What to flag as “vital” that could affect their progress
- Instrument readiness: Their acoustic has broken strings and their electric had been tuned dangerously. Instrument setup is a real barrier for them right now.
- Pain and finger discomfort: They asked for a way to make it hurt less. That means pain is already a primary obstacle and emotional friction point.
- Pick use: They said they have a pick but are not good with picks. That is relevant for indie/alt playing and for power chord articulation.

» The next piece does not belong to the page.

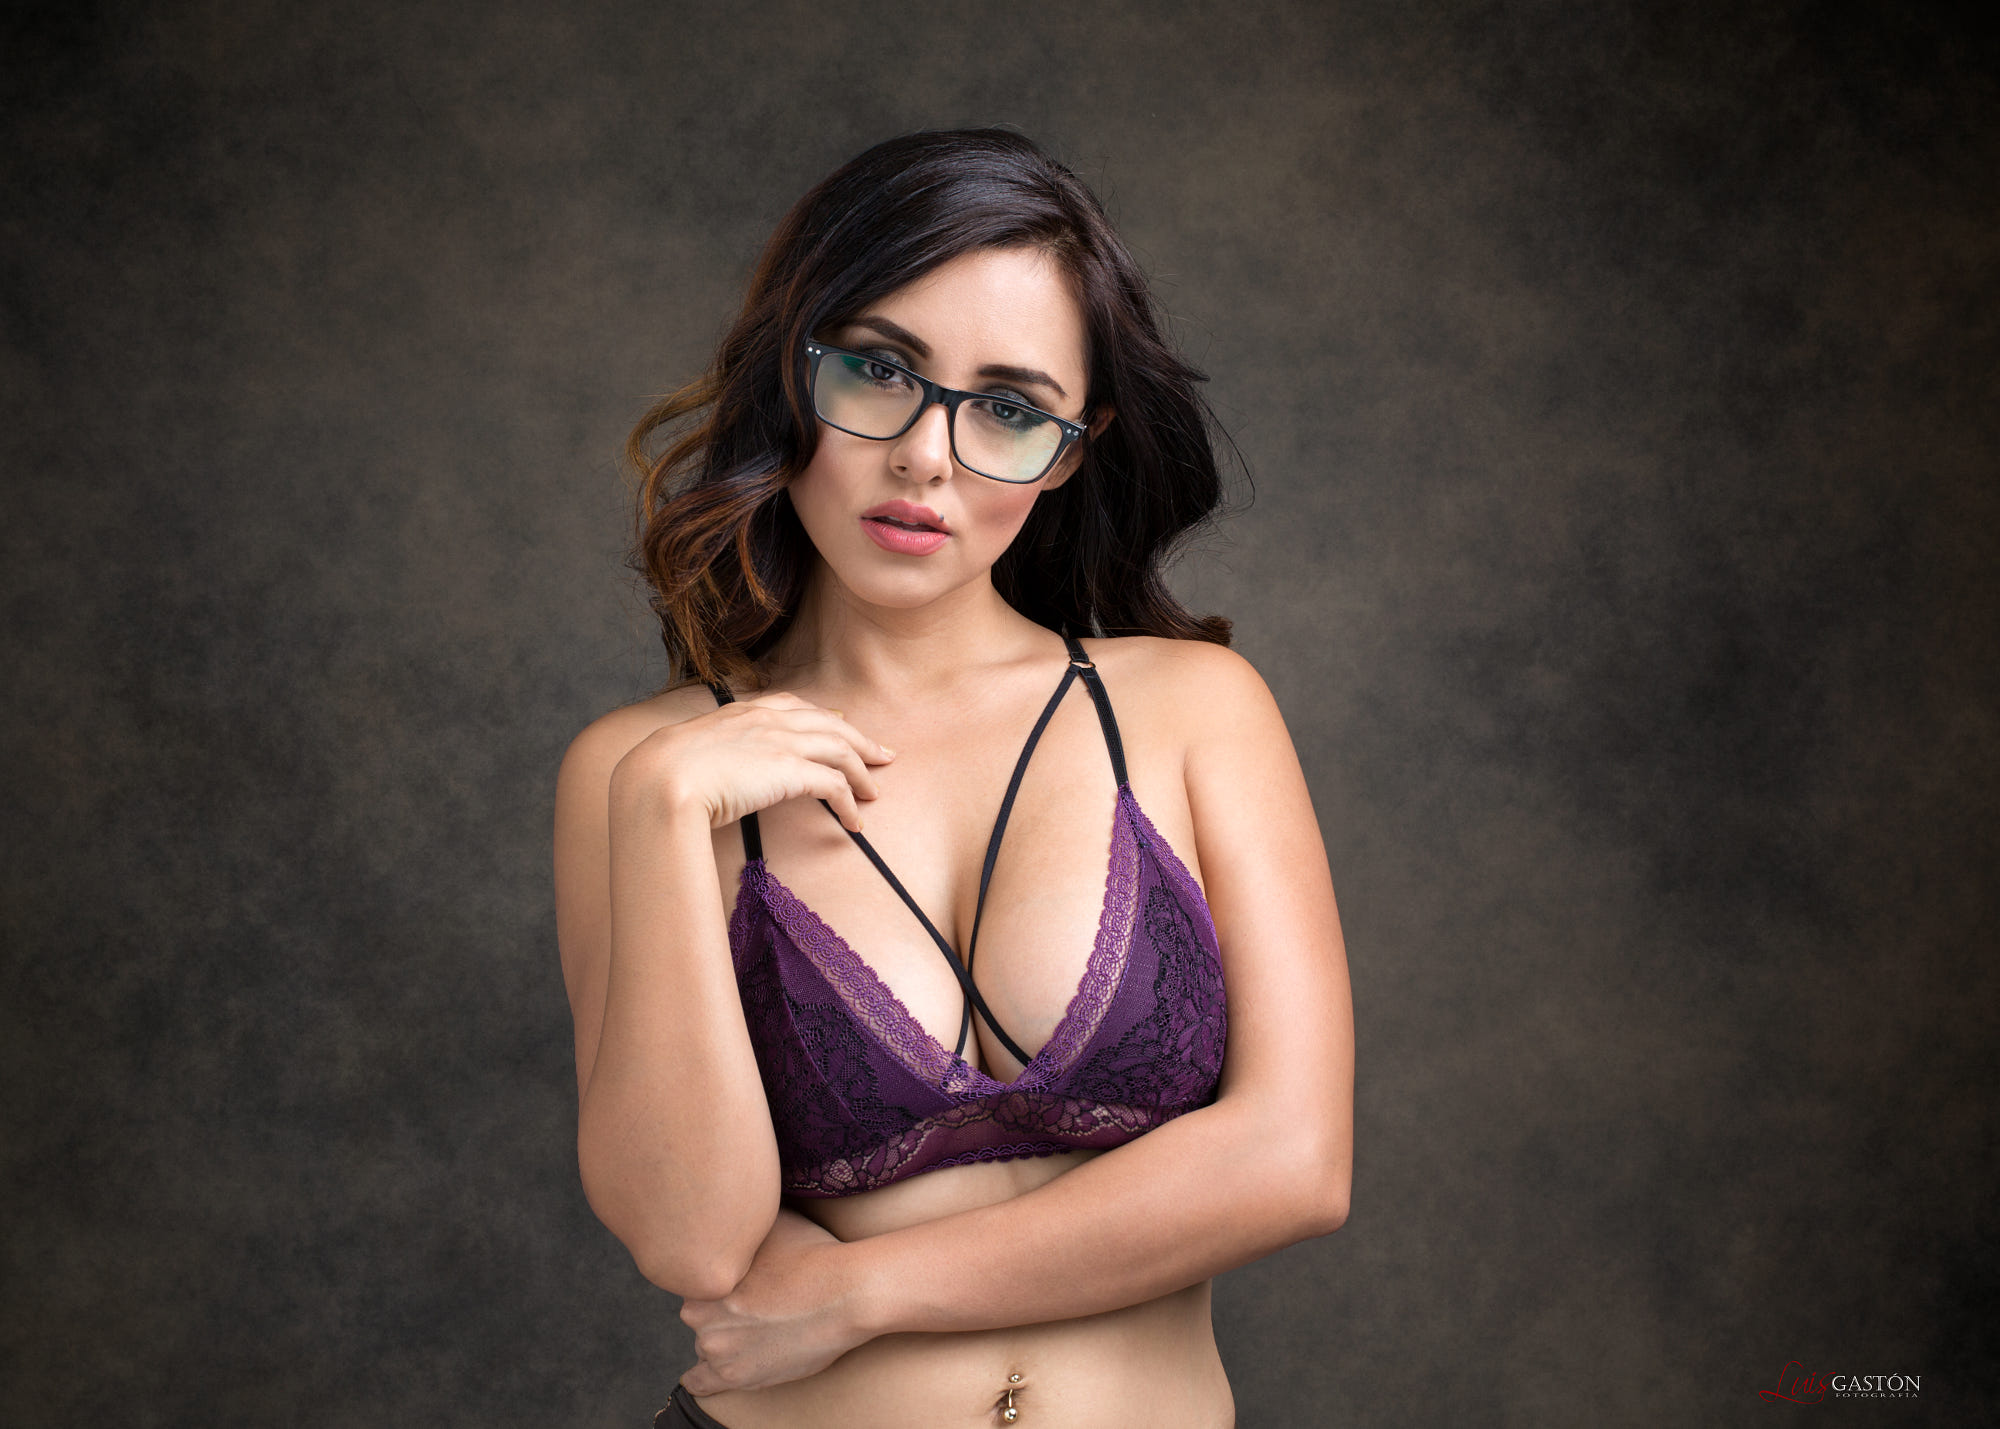 People 2000x1429 women brunette women with glasses pierced navel cleavage Dulce Soltero watermarked Luis Gastón simple background face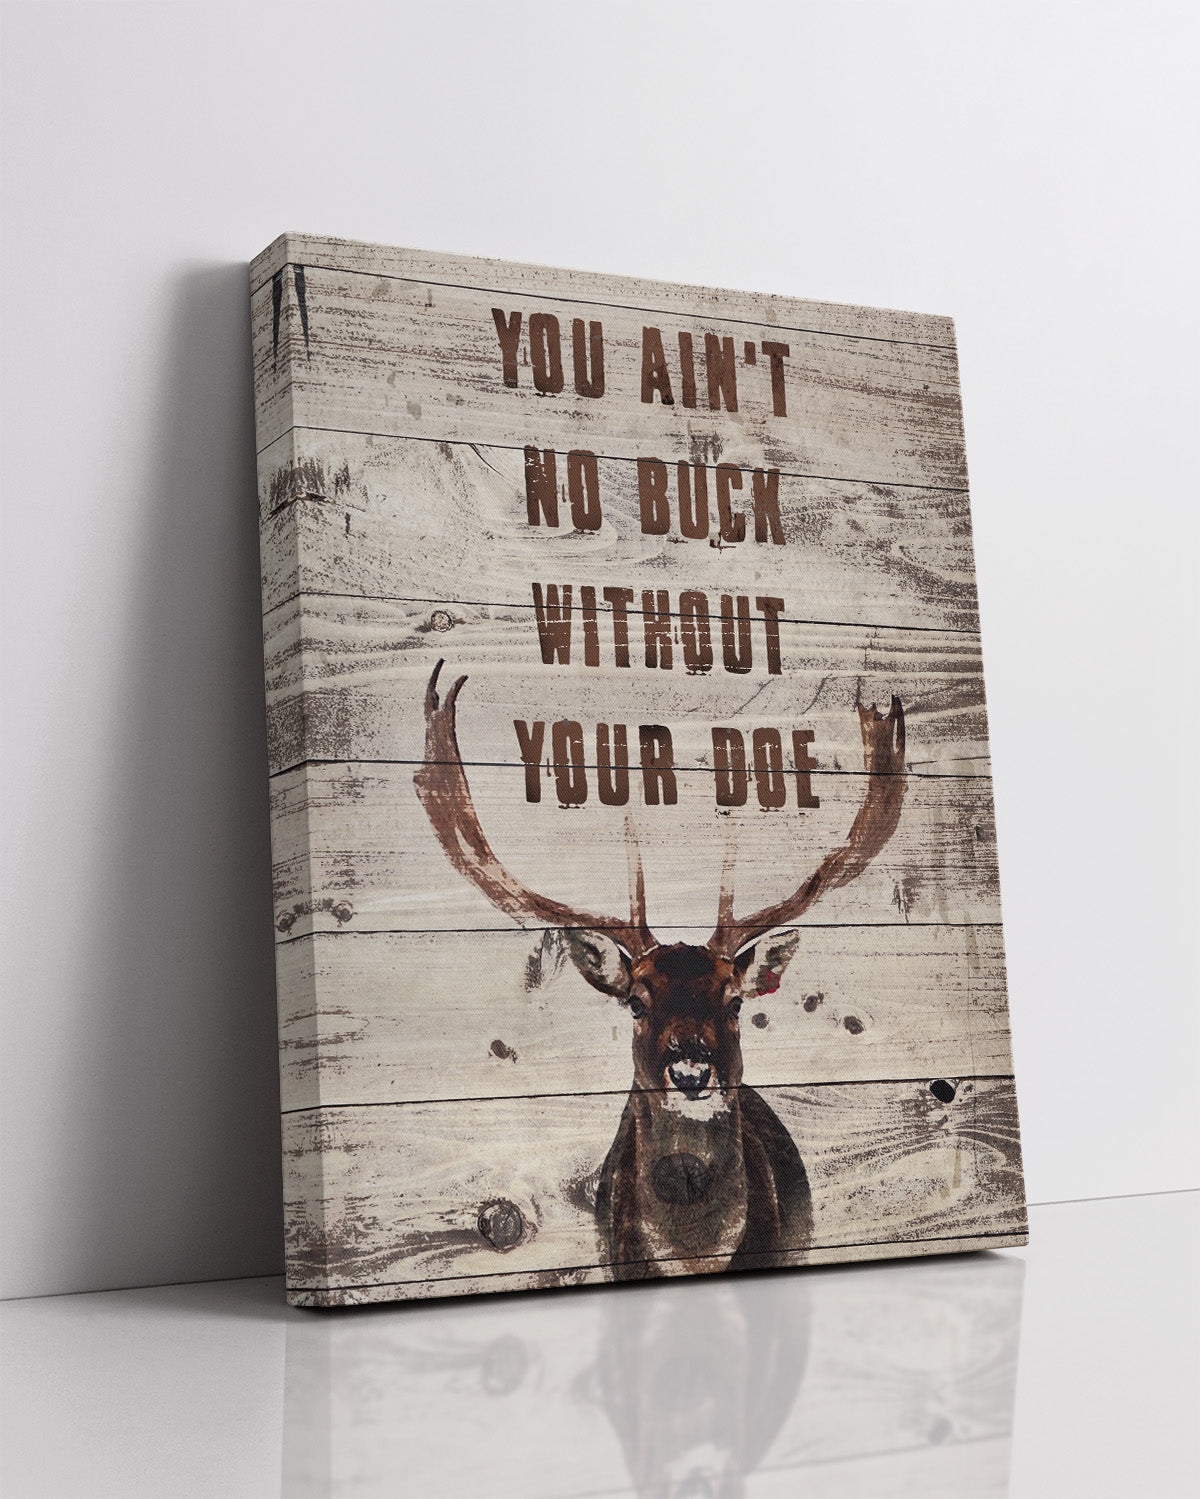 You Ain't No Buck Without Your Doe - Hunting Decor - Hunting Wall Art Decor - Gifts for Hunters - Rustic Hunting Cabin Decor - Farmhouse Hunting Wall Decor

- Confidence is fragile but improving: They repeatedly used uncertainty language (“I think,” “pretty sure,” “might know if reminded”), but they also completed tasks successfully when guided.
One more important observation about your teaching style in this lesson
Your lesson structure was “diagnose, prove a win, then build two repeatable warmups,” which works well for a first session. The only thing that truly derailed flow was the late discovery of the tuning standard problem, but it was a necessary correction and arguably the most valuable problem you solved in the whole 30 minutes.